By Janine Rosch, @janinerosche
“Ryann Ashcroft rolled onto her back, clinched her arms across her stomach, and surrendered her breath into the dreary, gray sky. The newspaper had predicted snowfall for the mid-May evening, and the morose clouds hovering over the Gallatin mountains seemed keen to obey. Soon, if there were any justice under heaven, the grave would swallow her whole.”
Wildflower Road, Janine Rosche
You know what’s tough? Trying to get a contract on a romance that begins with the heroine crying on her dead husband’s grave and hoping to get sucked in. I can’t help it. I love giving my characters sad backstories and then putting them through 300 pages of more hardship before they get their happily ever after.

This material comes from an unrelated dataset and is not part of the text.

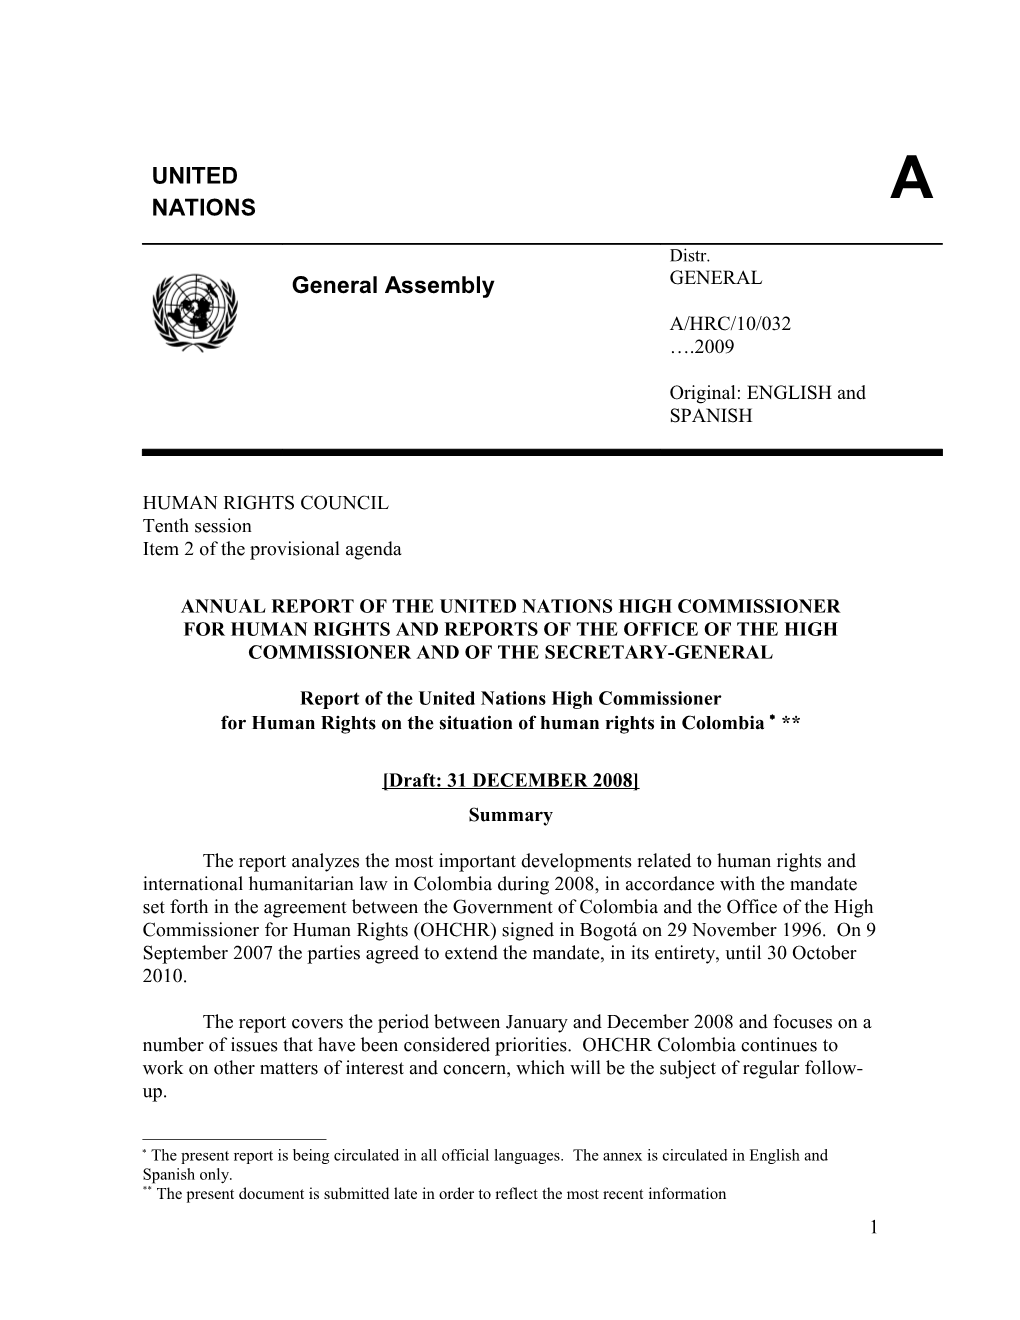 Annual Report of the United Nations High Commissioner

However, no one wants to read a story about Debbie Downer. If a character is helpless, hopeless, depressed, sorrowful, angry, or hateful one hundred percent of the book, your readers will either get annoyed or exhausted. It isn’t too different from having a friend or family member going through a tough time. Even the most compassionate of us need a break of some sort. If your reader needs a break from your character, they’ll put down the book and may never pick it back up.
That doesn’t mean you need to change all your Debbie Downers into Susie Sunshines. We love characters who have been through it. They give us someone to cheer for, and oftentimes, they are more relatable than perpetually perky characters.
Here are seven tips to make readers fall in love with your miserable characters:
1. Give them a sense of humor. In Wildflower Road, Ryann lost her first husband to suicide, she works at her family’s resort that is at risk of shutting down, and she has a stalker. None of that keeps her from teasing new-to-Montana pastor Shane about pretty much everything.
2. Surround them with a cast of characters that can play off them with joy. Haven Haviland had made BIG mistakes by the time Aspen Crossroad opens and she just so happened to live in a town where gossip followed her everywhere. It was enough to make her a hermit, except her siblings wouldn’t let her. Not only did they encourage her to keep living, but they surrounded her with love and just enough crazy to keep her smiling.
3. Give them a pet. In Glory Falls, Thomas Beck has had a lifetime of hardships and a personality that never, ever shares his feelings to anyone…except his three-legged dog, Molly. She brings out the sweet side and silly side he doesn’t like to show. Even the most broken characters can be reached by a dog, cat, horse, pot-bellied pig, etc.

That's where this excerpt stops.